# etymology of Slavic love terms: kochac?



## nose_bleed

I'm interested in the terms for "love" in Slavic, which seem to have a complex relationship. It seems there are basically three stems: lub-, mil-, and koch-.

Here's what I've figured out so far, looking at my three favorites , Polish, Czech and Russian:

Polish "lubić" (to like) is cognate with Russian "люби́ть" (to love) and the noun form "любо́вь".

Czech "milovat" (to love") is cognate with Polish "miłować" (to cherish) and the noun form "miłość", as well as "miło" (pleasant/endearing), and also with the Russian "ми́лый" (nice/sweet/lovable).

But then there's the Polish verb for to love-- "kochać".

What happened to koch- in the other Slavic languages? (I know it exists in Ukrainian--a native term, or a result of close contact with Polish?)

*Is there a cognate for this word anywhere in Czech or Russian? *That's what I'm most interested in.
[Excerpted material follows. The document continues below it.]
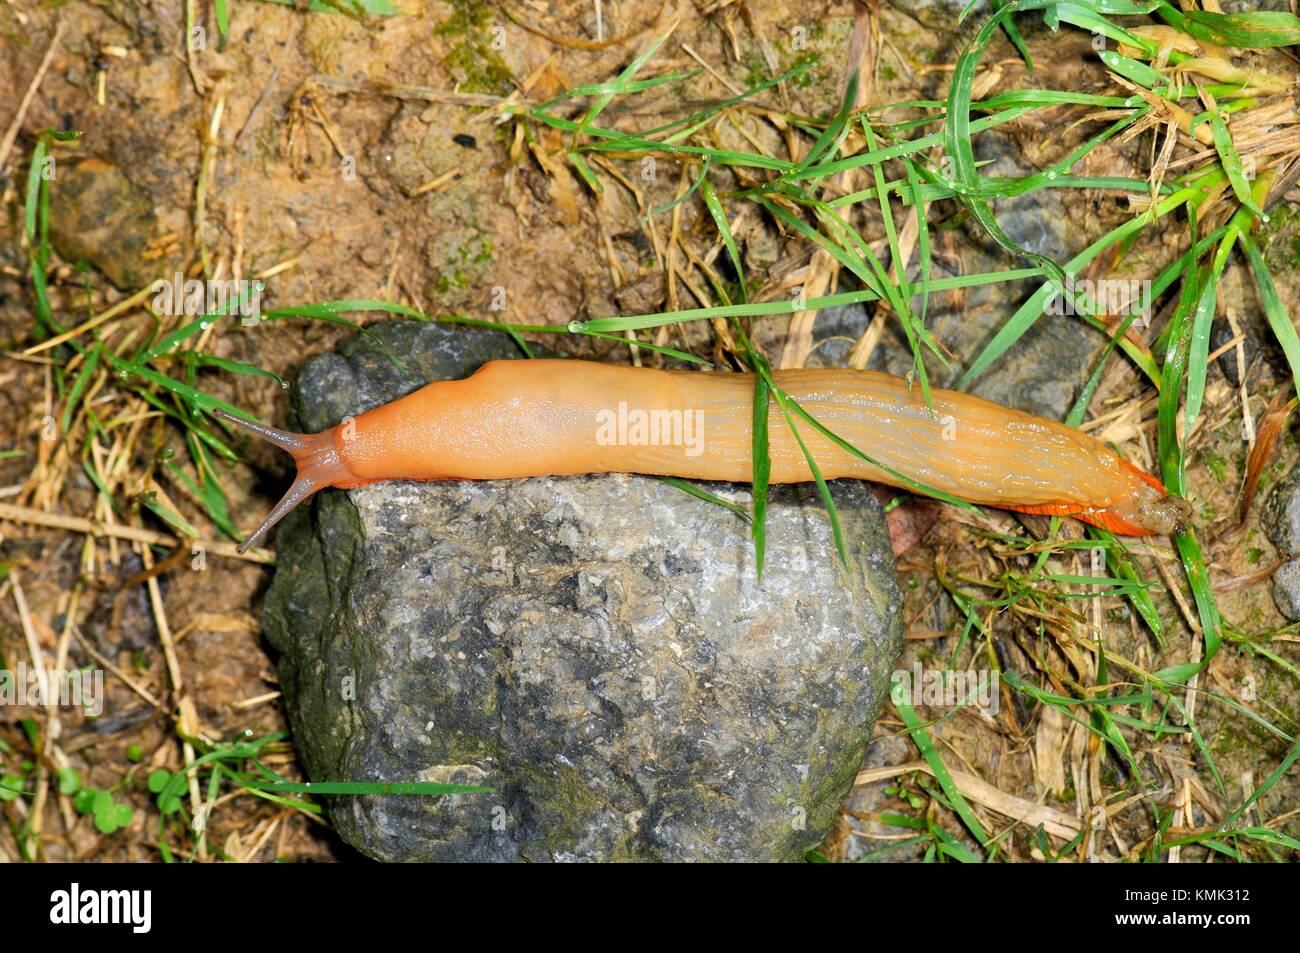 Slug, o tierras slug, es un nombre común para cualquier aparentemente  shell-less o molusco gasterópodo terrestre. El parque natural de Pagoeta.  Guipúzcoa. Comunidad Autónoma del País Vasco Fotografía de stock - Alamy

Hmm--*кохать? *кохати?

It doesn't seem that there is any word in Polish like "kochość", either. ??

I wasn't sure where to put this, since it involves three Slavic languages--but I am perhaps most interested in Russian here, so that's why I wrote in this forum. 

Etymologists help!


----------



## Anatoli

In Polish kochać - (to love) is stronger than "lubić" (to like) (lubię kawę - I like coffee). Same in Ukrainian with кохати/любити but любити can also express strong feelings (Russian influence?).
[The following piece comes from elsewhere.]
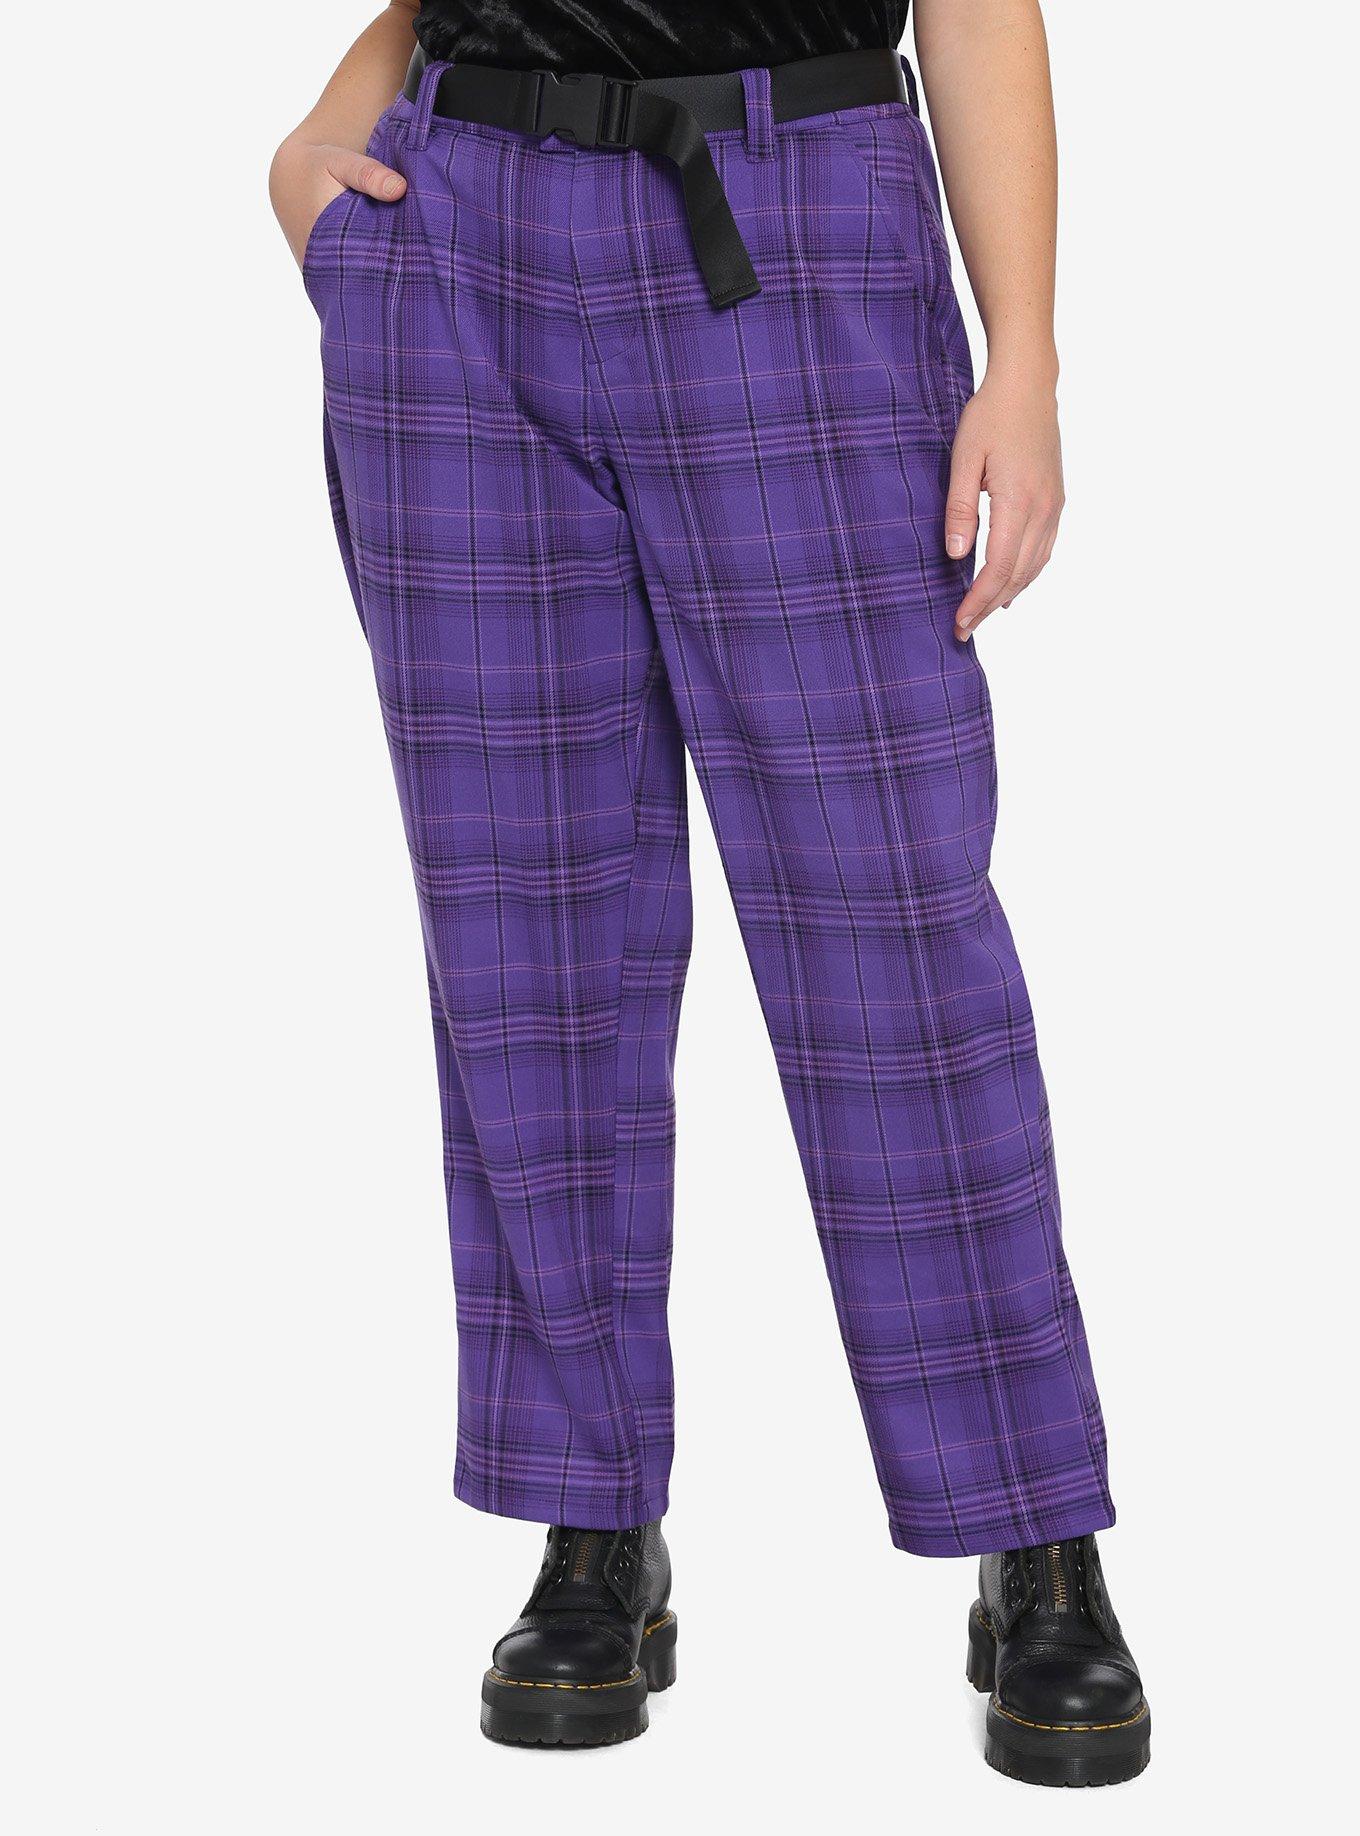 HT Denim Purple Plaid Straight-Leg Pants With Buckle Belt Plus Size, PLAID, hi-res

кохання/любов are synonyms in Ukrainian, both mean love (romantic). In Polish it's kochanie/miłość, as far I understand.  In Russian the stem кох- doesn't exist, although Russians understand it, it's considered Polish or Ukrainian.

As a result,

*Belarusian:*
я цяб*е* ках*а*ю
я цяб*е* любл*ю*
(both are OK)

*Ukrainian:*
я теб*е* кох*а*ю
я теб*е* любл*ю*
(both are OK)

*Russian:*
я теб*я* любл*ю*
(only this verb)
*
Polish:*
kocham cię
(only this verb)

*Czech:*
miluji tě (miluju tě)
 (only this verb)

Some people will argue that Ukrainian/Belarusian люблю is not as strong as кахаю/кохаю, I don't think so but the trend  may be towards using more Polish-sounding words in Ukrainian and reducing Russian-sounding words.
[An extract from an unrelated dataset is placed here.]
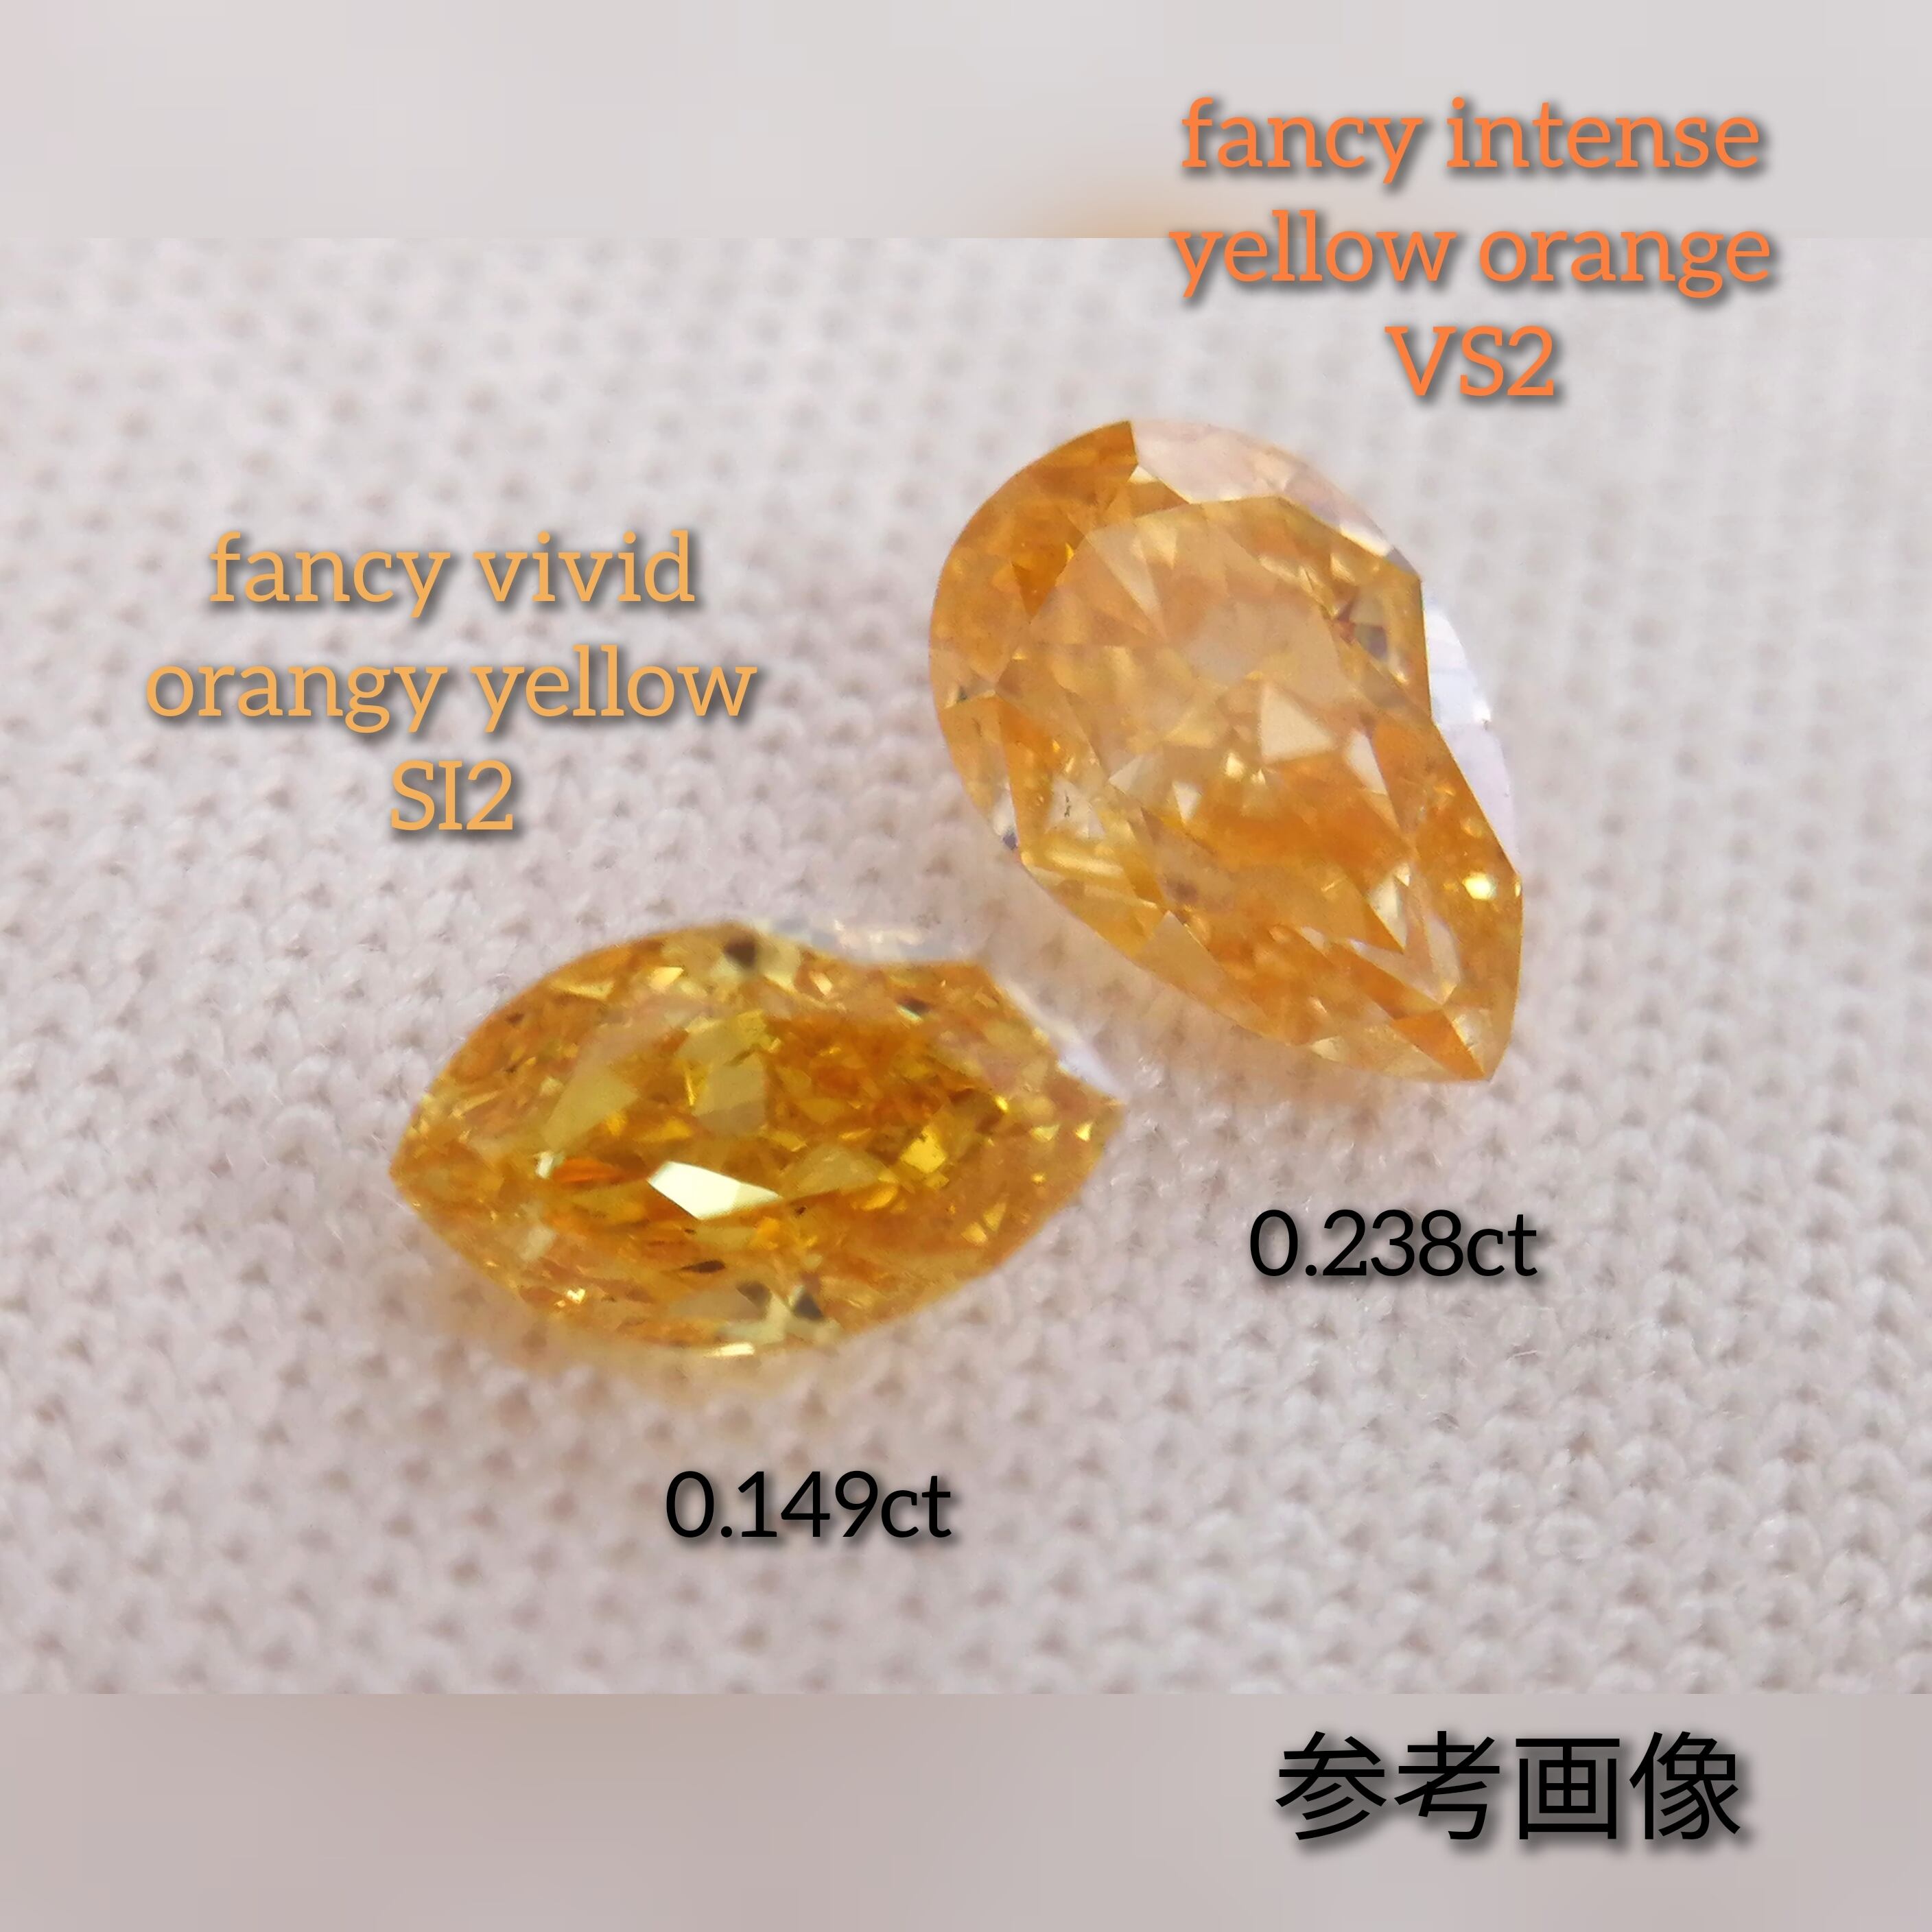 オレンジダイヤモンドルース 0.238ct fancy intense yellow orange VS2

I am not an expert in Czech but I don't know if Polish "kochać" has a cognate anywhere apart from Ukrainian and Belarusian.


----------



## Awwal12

> Same in Ukrainian with кохати/любити but любити can also express strong feelings (Russian influence?).


Well, I would rather say that the verb "кохати" in Ukrainian (as well as in the Belarusian language and in some Russian dialects) is a result of medieval Polish influence at all - at least according to Vasmer's dictionary.  The verb "любити", as opposed to the first one, is an initially East Slavic word, and also takes place in Old Church Slavonic. It would be interesting to ask our South Slavic comrades about it. )


----------



## Christo Tamarin

nose_bleed said:


> I'm interested in the terms for "love" in Slavic, which seem to have a complex relationship. It seems there are basically three stems: lub-, mil-, and koch-.
> 
> Here's what I've figured out so far, looking at my three favorites , Polish, Czech and Russian:
> 
> Polish "lubić" (to like) is cognate with Russian "люби́ть" (to love) and the noun form "любо́вь".
> 
> Czech "milovat" (to love") is cognate with Polish "miłować" (to cherish) and the noun form "miłość", as well as "miło" (pleasant/endearing), and also with the Russian "ми́лый" (nice/sweet/lovable).
> 
> But then there's the Polish verb for to love-- "kochać".
> 
> What happened to koch- in the other Slavic languages? (I know it exists in Ukrainian--a native term, or a result of close contact with Polish?)
> 
> *Is there a cognate for this word anywhere in Czech or Russian? *That's what I'm most interested in. Hmm--*кохать? *кохати?
> 
> It doesn't seem that there is any word in Polish like "kochość", either. ??
> 
> I wasn't sure where to put this, since it involves three Slavic languages--but I am perhaps most interested in Russian here, so that's why I wrote in this forum.
> 
> Etymologists help!


 

According to Vassmer, the radix of the Polish words *kochać* and *kochanie* is met in the Russian *касаться/**коснуть* (_to touch, _Bulgarian *докосвам*), *раскош* (_splendour, luxury, _Bulgarian *разкош*). With another vocalisation, there is *чесать* (_to comb_, Bulgarian *чеша*).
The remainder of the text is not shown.